Re: starters and non-starters

From: spir (
Date: Wed Feb 03 2010 - 05:19:45 CST

  • Next message: spir: "Re: multi-stage decomposition?"

    On Tue, 2 Feb 2010 18:53:20 -0700
    "Doug Ewell" <> wrote:

    > > COMBINING DOT ABOVE followed by LATIN SMALL LETTER D would not be a
    > > valid sequence, correct, but you should start working from the d, not
    > > the code that follows. After all, the "d" by itself *IS* a valid
    > > sequence, whether or not a combining character comes after it. It's
    > > the orphaned combining dot that is defective.
    > There's another problem with spir's original statement. You can't say
    > that "a source text holding <0307, 0064> is illegal" because the U+0307
    > might not be orphaned at all, but might be preceded by another base
    > character. The bracketed text [ėd] consists of the sequence <0065,
    > 0307, 0064> and is perfectly legal.
    > Perhaps spir meant "a source text containing *only* that sequence" or
    > "starting with that sequence." This is a nitty detail, but when dealing
    > with an inherently stateful concept like combining sequences, nitty
    > details matter.

    What I meant is: is it legal to encode a "user-perceived character" in really great disorder, eg with a combining mark following what obviously is the base character. In the example, having the <dot above> come first. I interpret your answers meaning no, it's illegal.
    The consequence would be that only following characters can be disordered. If codes are already "stacked" (into grouped combining sequences) before normalization, then we can safely ignore "stacks" with less than 3 codes; _and_ start reordering from the 3rd code on.

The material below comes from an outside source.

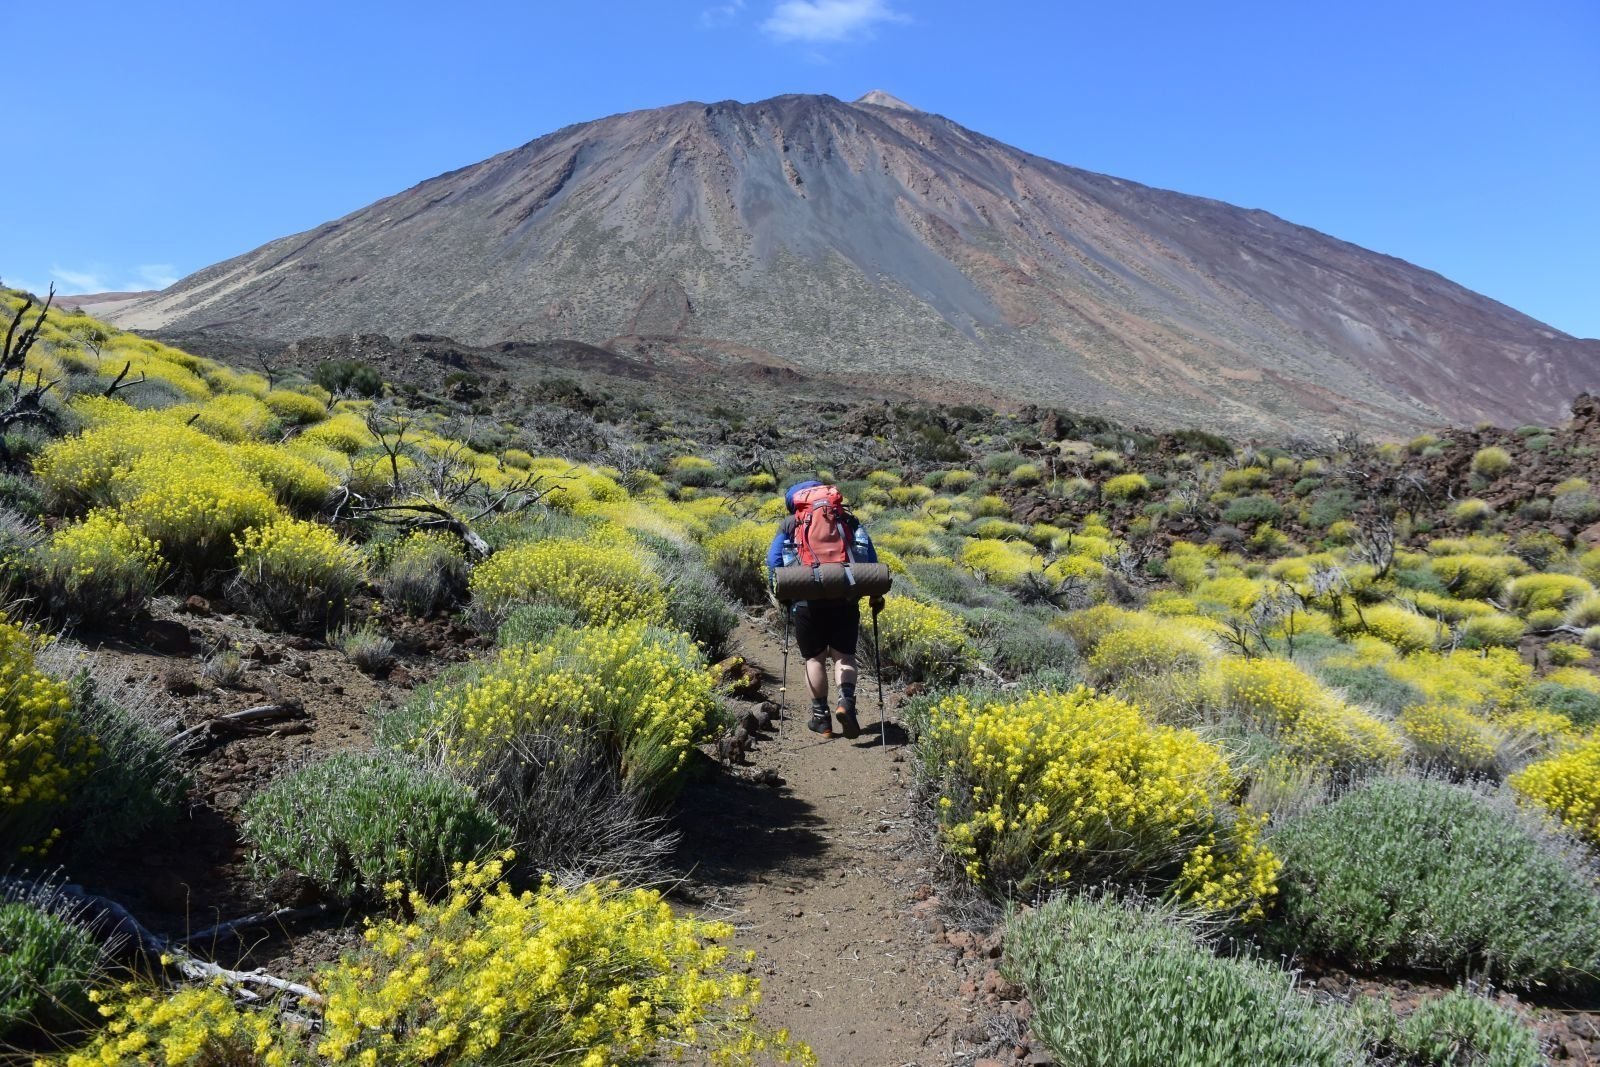 Hiking by Tenerife volcanoes

Pseudocode:

    foreach stack in stacks do
        size = size(stack)
        if size < 3 then
            next # next stack
        # kind of bubble sort, but ignoring first code
            no_swap = true
            for i=3 to size do # here index base = 1
                code1, code2 = stack[i-1], stack[i]
                ccc1, ccc2 = getCCC(code1), getCCC(code2)
                if ccc1 > ccc2 then
                    <swap codes>
                    no_swap = false
        until no_swap

    So, if "stacks" are built before normalization, only a small proportion of combining sequences *possibly* require reordering (and an even smaller proportion actually are reordered).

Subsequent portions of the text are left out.